To fulfill this knowledge gap about performance of RR systems in China, the objectives of this study were to compare performance of RR versus MR and DR cropping systems in terms of total annual yield, energy, profit, and environmental footprint. For our analysis, we used a large farmer database collected from Hubei Province, central China—a province that accounts for 8% of total rice production in China and includes large portions of cropland under each of the three rice cropping systems (National Bureau of Statistics of China (NBSC, 2018).

2. Materials and methods

2.1. Site description and data collection

We focused on Hubei Province, one of the most important rice producing provinces in China, with total annual rice production of 17 Mt, which represents 8% of total national rice production. The three cropping systems studied here account for 69% (MR), 24% (DR), and 7% (RR) of total land area devoted to rice production in this province (1.7 million ha). Regional weather is classified as humid subtropical with precipitation following a monsoon pattern (Fig. 1). Monthly solar radiation, maximum and minimum temperatures in 2016 were very similar to long-term (1996–2015) averages for these variables. Crop calendars of the three rice-cropping systems are shown in Fig. 1. MR system includes only one rice cycle, which is direct seeded during May and June when warm soil and air temperature ensures proper crop establishment. In contrast, rice is typically transplanted in late March in both DR and RR systems. Low temperature and/or risk of waterlogging early in the season do not allow direct seeding of the main crop in RR and early-season rice in DR because of the high risk of poor seed germination and establishment. An additional constrain for direct seeding in RR is the greater risk of lodging, which negatively affects the growth of regenerated buds (Chen et al., 2018).

Fig. 1.

Monthly average incident solar radiation and maximum (Tmax) and minimum temperature (T_min) based on long-term (1996–2015) weather data (solid line and solid symbols) and in 2016 (dashed line and open symbols) in southeast Hubei Province (29.8°N, 115.6°E). Calendar of middle-season rice (MR), double-season rice (DR), and ratoon rice (RR) cropping systems is shown. Source: National Meteorological Information Center of the China Meteorological Administration (National Meteorological Information Center of the China Meteorological Administration (NMIC, 2017).

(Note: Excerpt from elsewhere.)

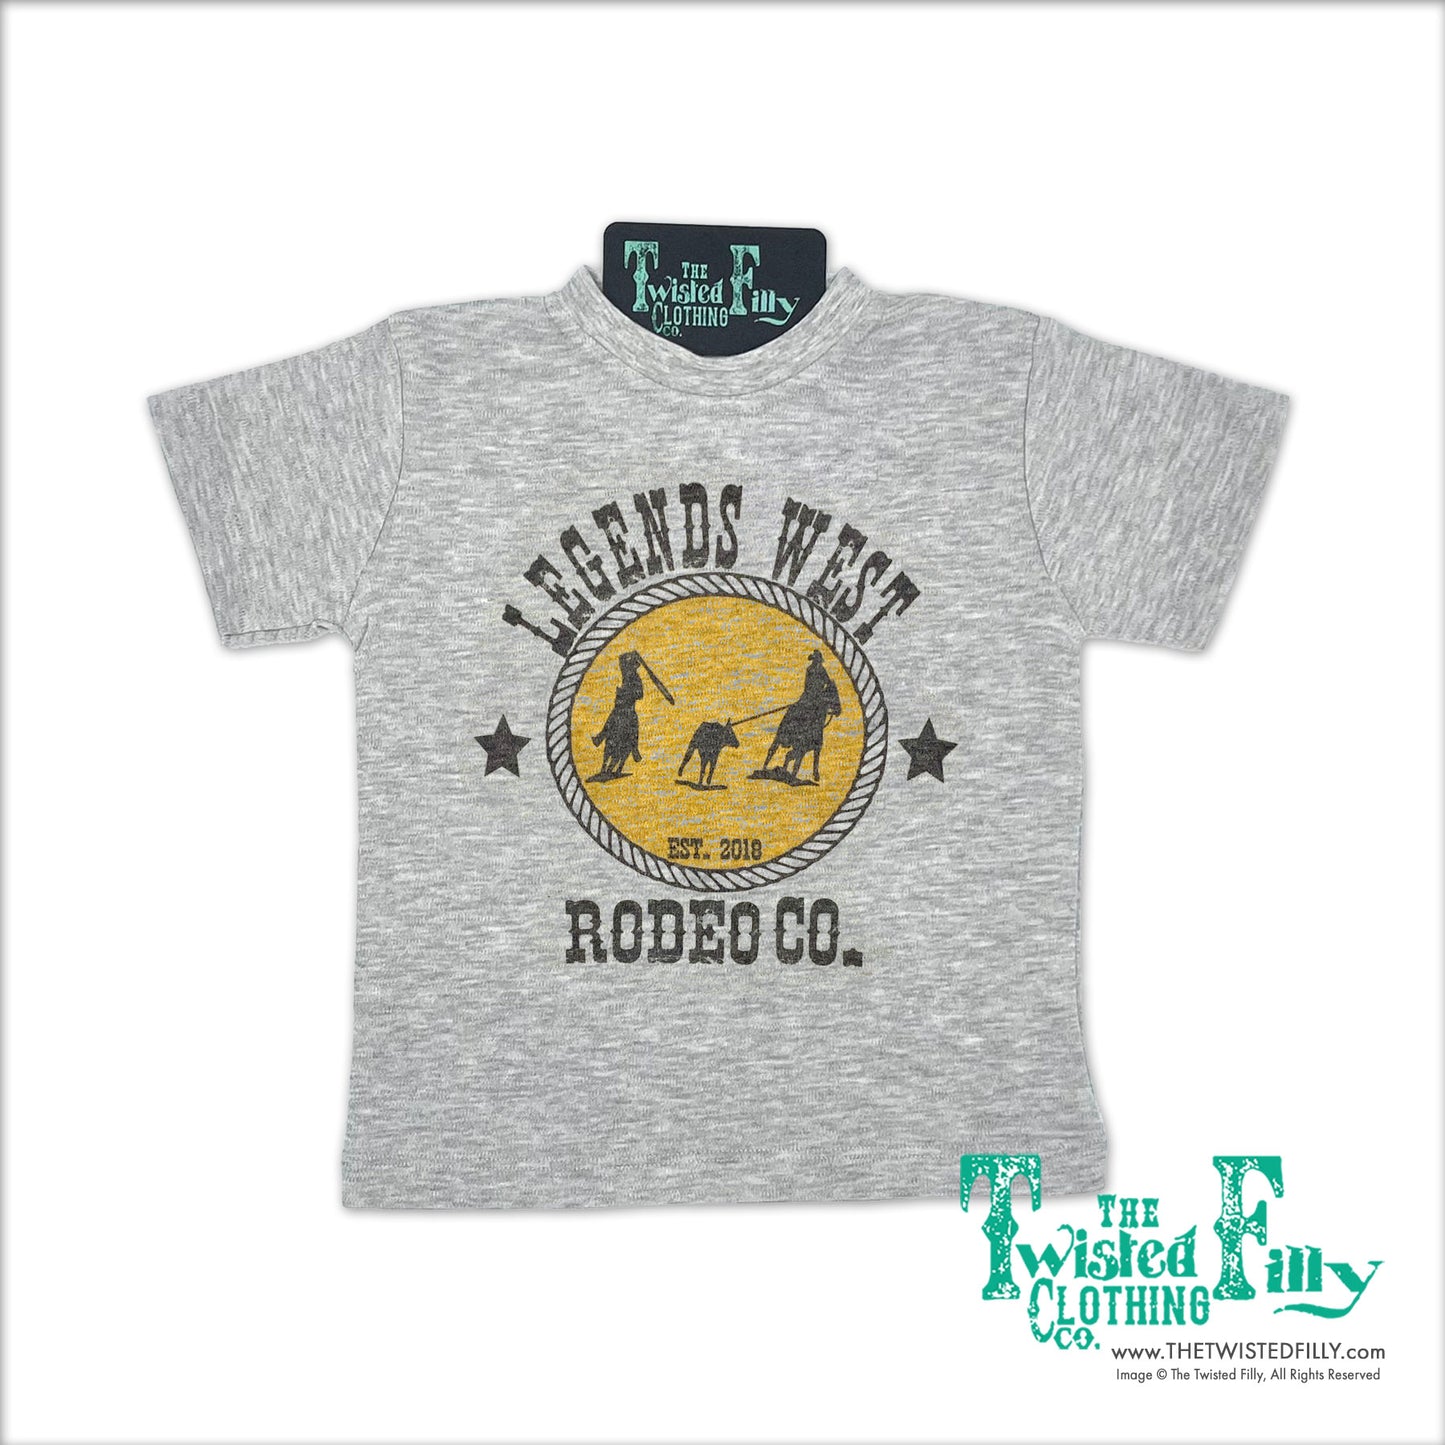 Legends West Rodeo Co. Team Roper - S/S Infant Tee - Gray

For this study, we collected farmer-reported data including grain yield (14% moisture content) and amount of various agricultural inputs used to produce the crops (fertilizer rates, pesticide rates, amount of applied irrigation water, seeding rate, diesel use, electricity use, plastic film, and labor). Data were collected from 240 farmer fields planted with rice in two typical and traditional rice-producing areas in southeast Hubei Province in 2016 through personal interviews. We acknowledge that one year of data may not be sufficient to account for year-to-year variation in weather and its influence on yield, energy balance, and profitability. However, we note that (i) irrigated rice systems usually exhibit high yield stability across years with coefficient of variation typically in the 4–8% range, and (ii) solar radiation and temperature patterns during 2016 were similar to the long-term averages (Fig. 1). The database contained data from 80 fields following each of the three rice-cropping systems (MR, DR, and RR). For each field, data from all crop cycles were collected: one crop cycle in MR, early- and late-season rice in DR and main and ratoon crops in RR. Following Grassini et al. (2014), the degree to which the surveyed data can be considered representative of the population of rice farms in this region was evaluated by comparison of survey yield collected in this study against yield data from official government statistics for the same region in 2016 (National Development and Reform Commission (NDRC, 2017). Because yield data from official government statistics for RR were not available, we only performed the yield comparison between survey data and official statistics for MR and DR.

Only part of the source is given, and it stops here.